━━━━━ DATA ━━━━━

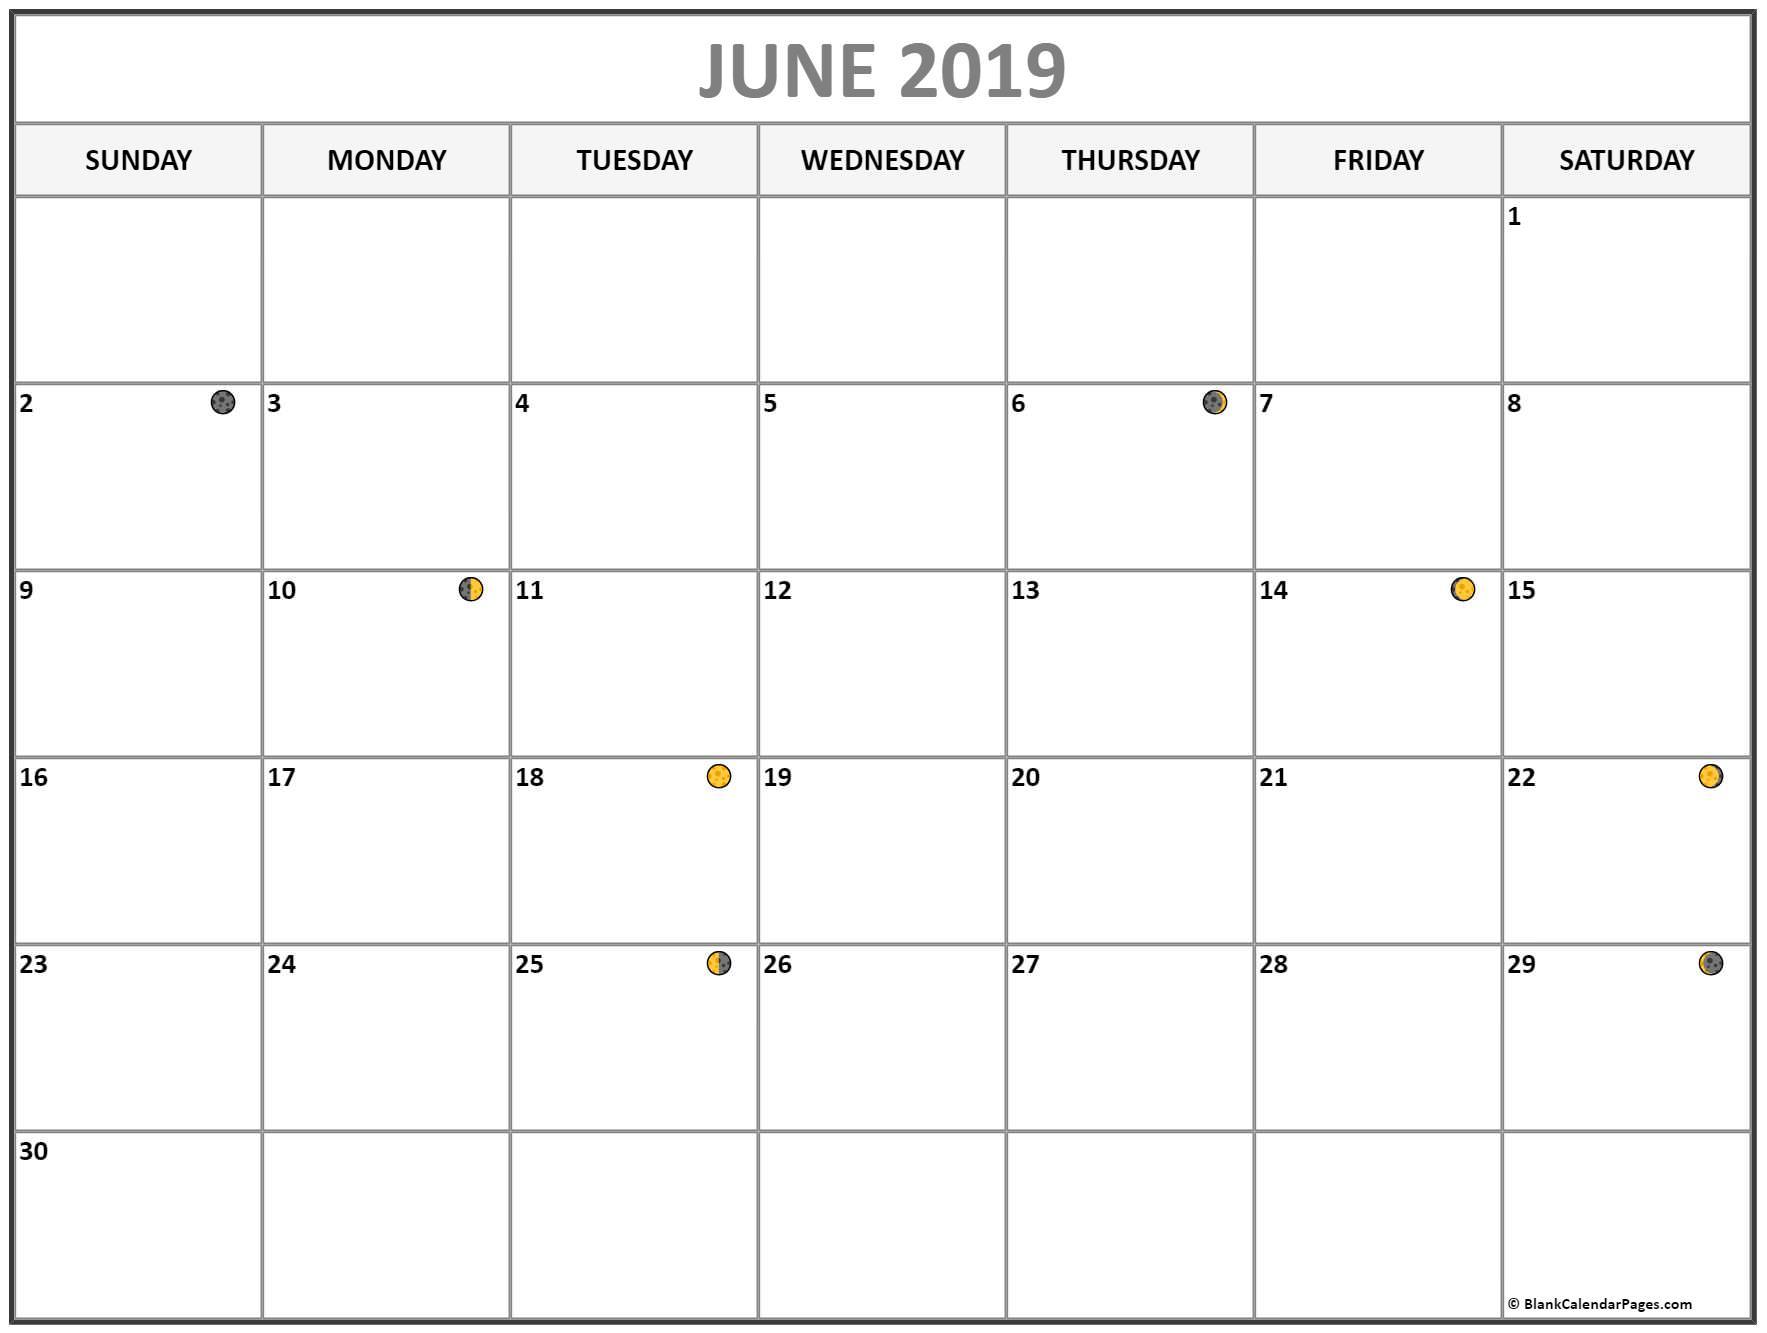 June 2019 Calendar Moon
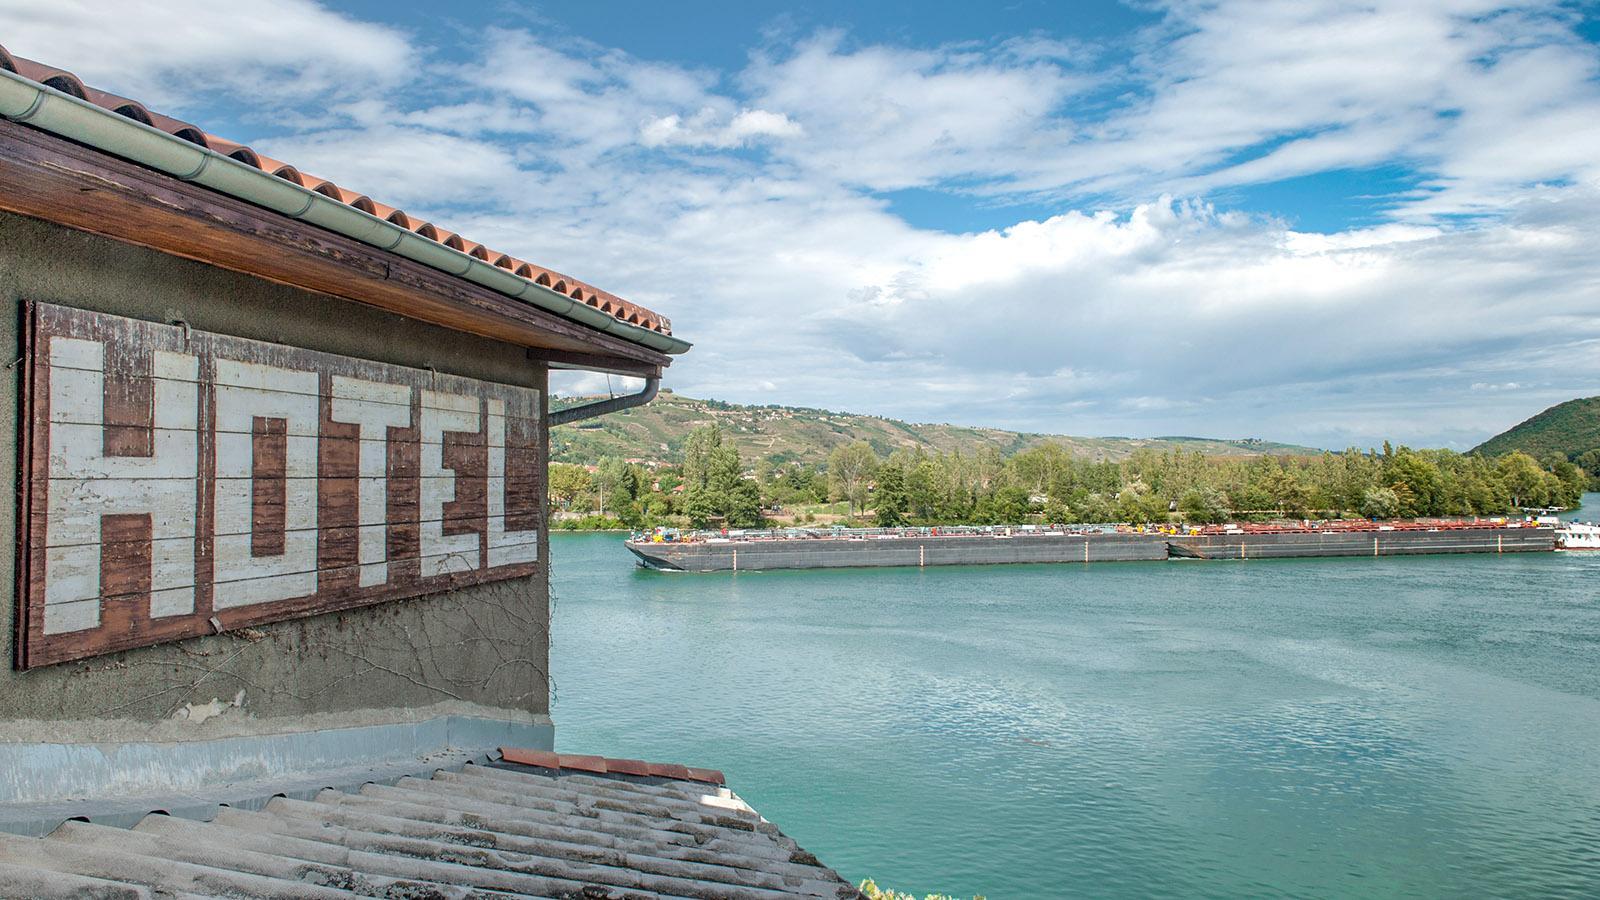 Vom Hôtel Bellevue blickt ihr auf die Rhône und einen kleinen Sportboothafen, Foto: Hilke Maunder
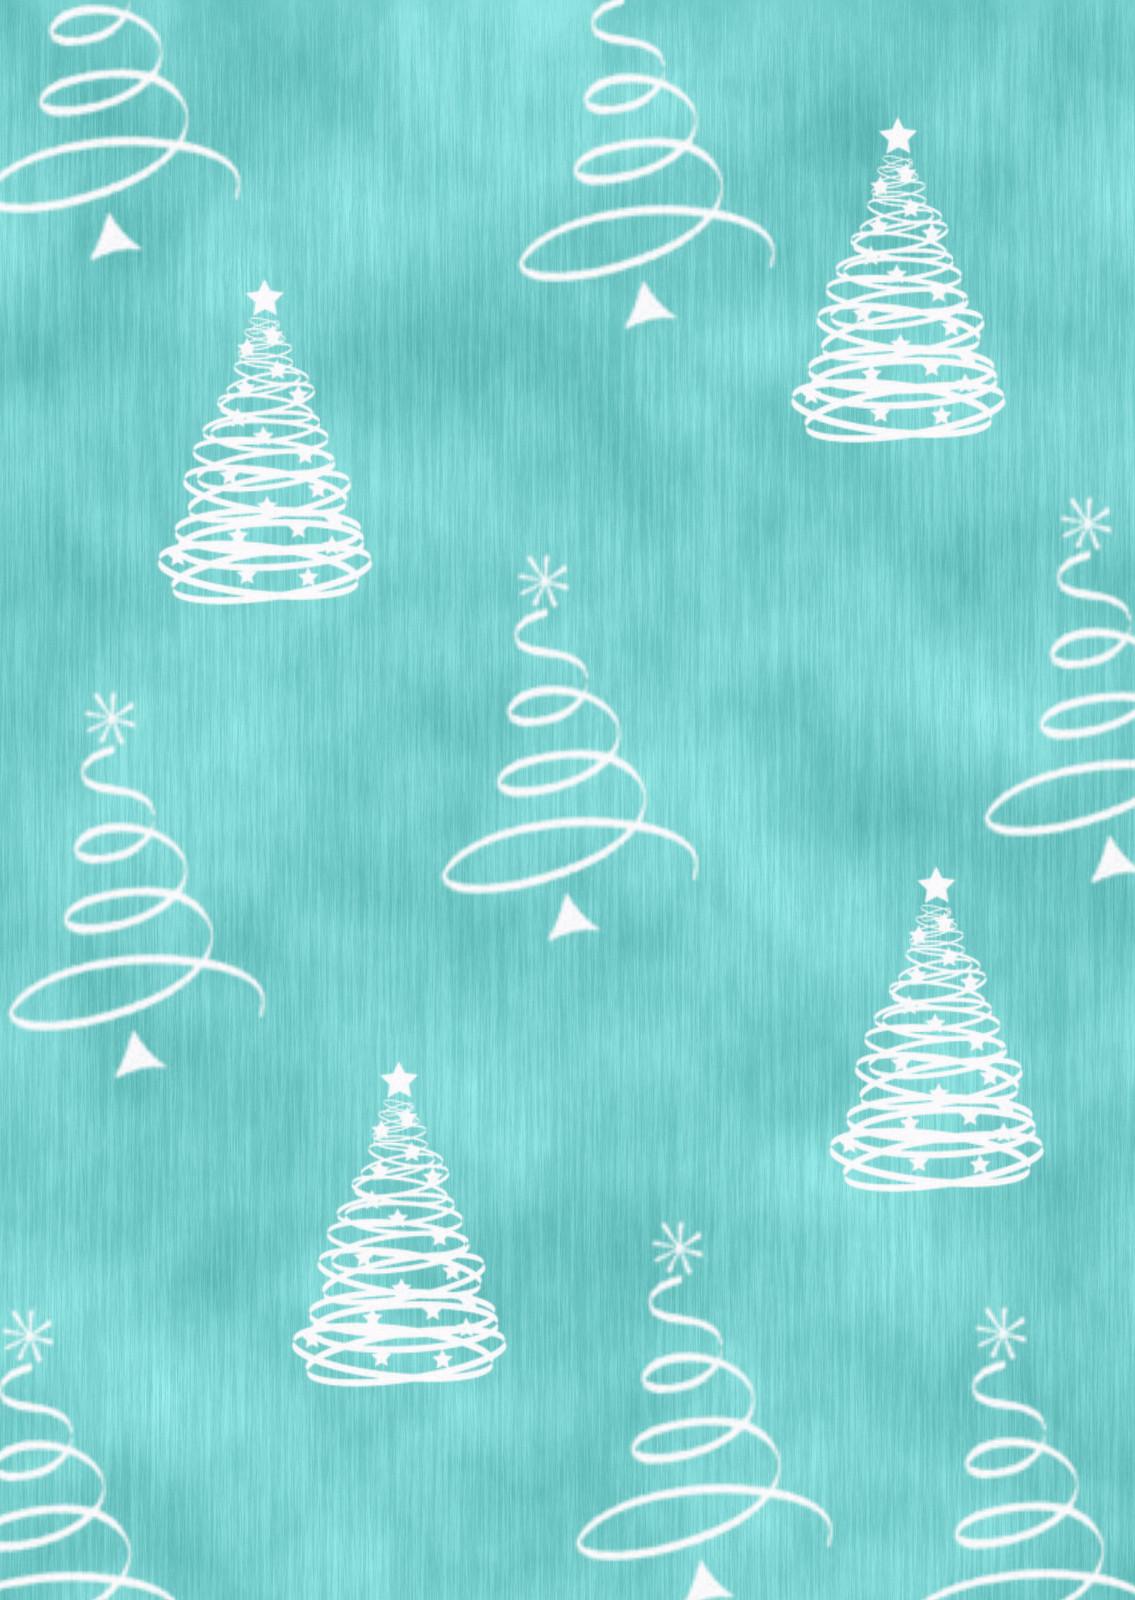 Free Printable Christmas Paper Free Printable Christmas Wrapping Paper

━━━━━

PROBLEM:
All of the material above should be set down again exactly, though not its pictures.

EXERCISE ANSWER:
 June 2019 Calendar Moon
 Vom Hôtel Bellevue blickt ihr auf die Rhône und einen kleinen Sportboothafen, Foto: Hilke Maunder
 Free Printable Christmas Paper Free Printable Christmas Wrapping Paper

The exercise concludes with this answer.